Nothing in this Part shall be read or given effect in a way which prohibits or restricts discussion of, criticism of or expressions of antipathy towards, conduct relating to a particular sexual orientation, or urging persons of a particular sexual orientation to refrain from or modify conduct related to that orientation.”.’.

No. 215, line 26, at end insert—

‘13A After subsection 29I insert—

“29IA  European Convention on Human Rights

Unless expressly limited by any provision within this Part, no right under Article 10 of the European Convention on Human Rights shall be affected.”’.

I am pleased to move the abolition of the ancient discriminatory, unnecessary, illiberal and non-human rights compliant offences of blasphemy and blasphemous libel.
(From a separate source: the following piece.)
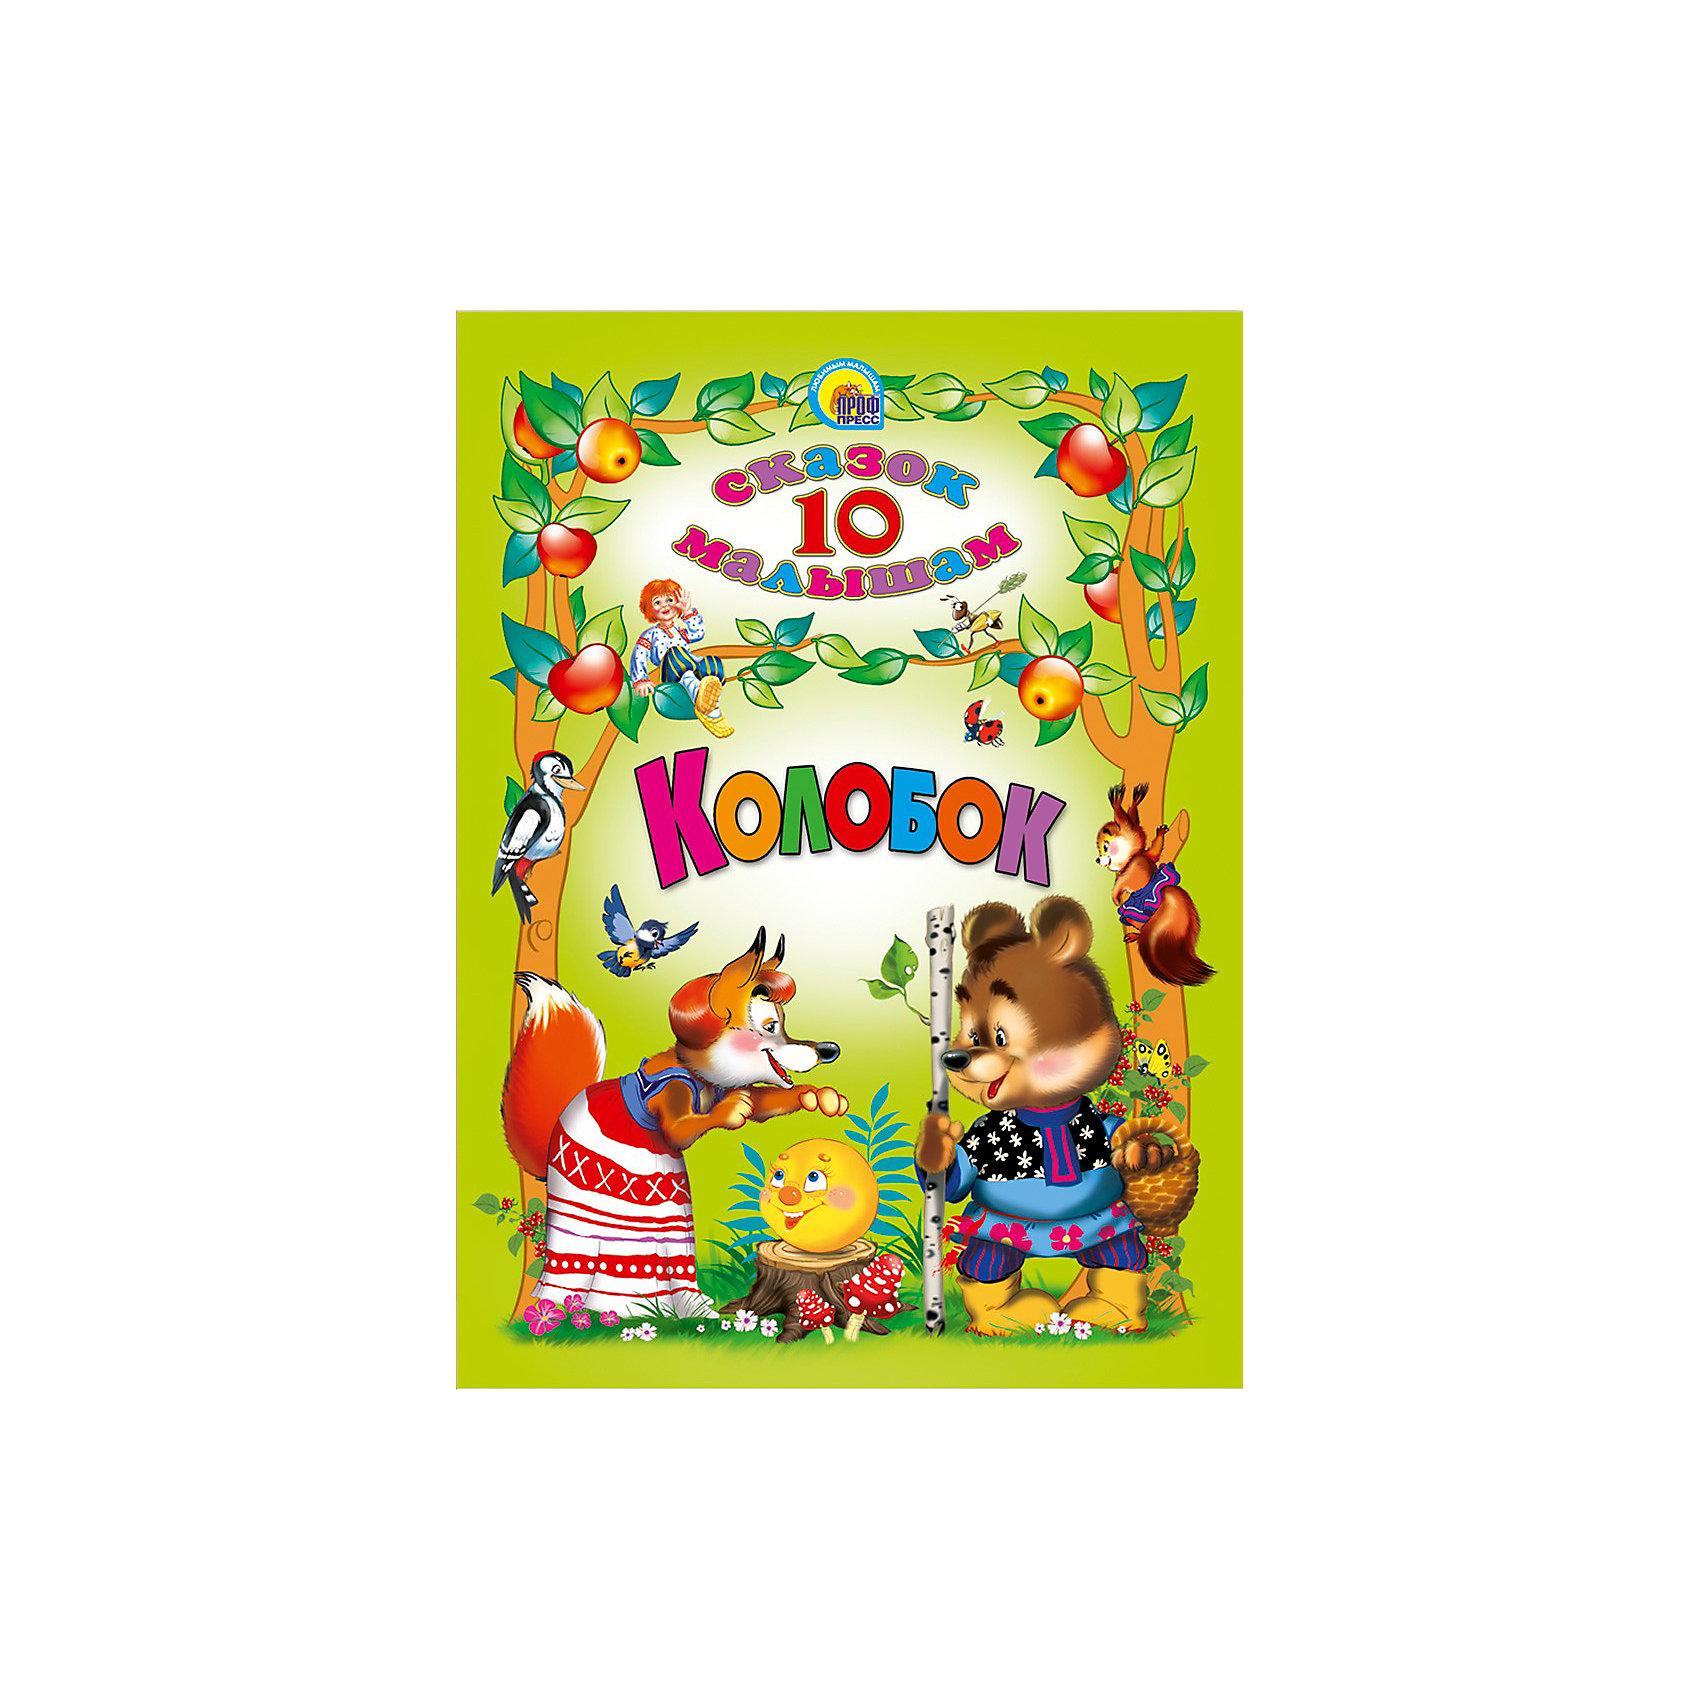 Сборник 10 сказок КолобокКниги для мальчиков<br>Любимые сказки собраны в серии книг 10 сказок. Замечательные иллюстрации не оставят равнодушными не только детей, но и их родителей.  <br><br>В книгу включены следующие сказки: Колобок, Лисичка-сестричка и волк, Маша и медведь, Гуси-лебеди, Петушок и курочка, Зимовье зверей, Коза-дереза, Снегурушка и лиса, Мальчик-с-пальчик, У страха глаза велики.   <br><br>Материал: бумага офсетная.<br>Книга содержит 128 стр. <br><br>Ваш малыш не только с удовольствием познакомится с содержанием известных сказок, но и получит первые уроки доброты, юмора и смекалки. <br><br>Формат: 220 х 13 х 162 мм<br><br>Ширина мм: 220<br>Глубина мм: 13<br>Высота мм: 162<br>Вес г: 282<br>Возраст от месяцев: 12<br>Возраст до месяцев: 60<br>Пол: Унисекс<br>Возраст: Детский<br>SKU: 2408525

It is the litany of faults with those offences that explains why the new clause has attracted so much support from all parts of the House. I would like to place on record my thanks to my co-sponsors, especially to the right hon. Member for Holborn and St. Pancras (Frank Dobson), the hon. Members for Salisbury (Robert Key) and for Spelthorne (Mr. Wilshire), my hon. Friend the Member for Cambridge (David Howarth), the hon. Members for Cannock Chase (Dr. Wright) and for Reading, West (Martin Salter), and my hon. Friend the Member for North Southwark and Bermondsey (Simon Hughes). They were all were extremely helpful in ensuring that the House has this opportunity to debate the matter, and that broad support for the abolition of these offences was expressed.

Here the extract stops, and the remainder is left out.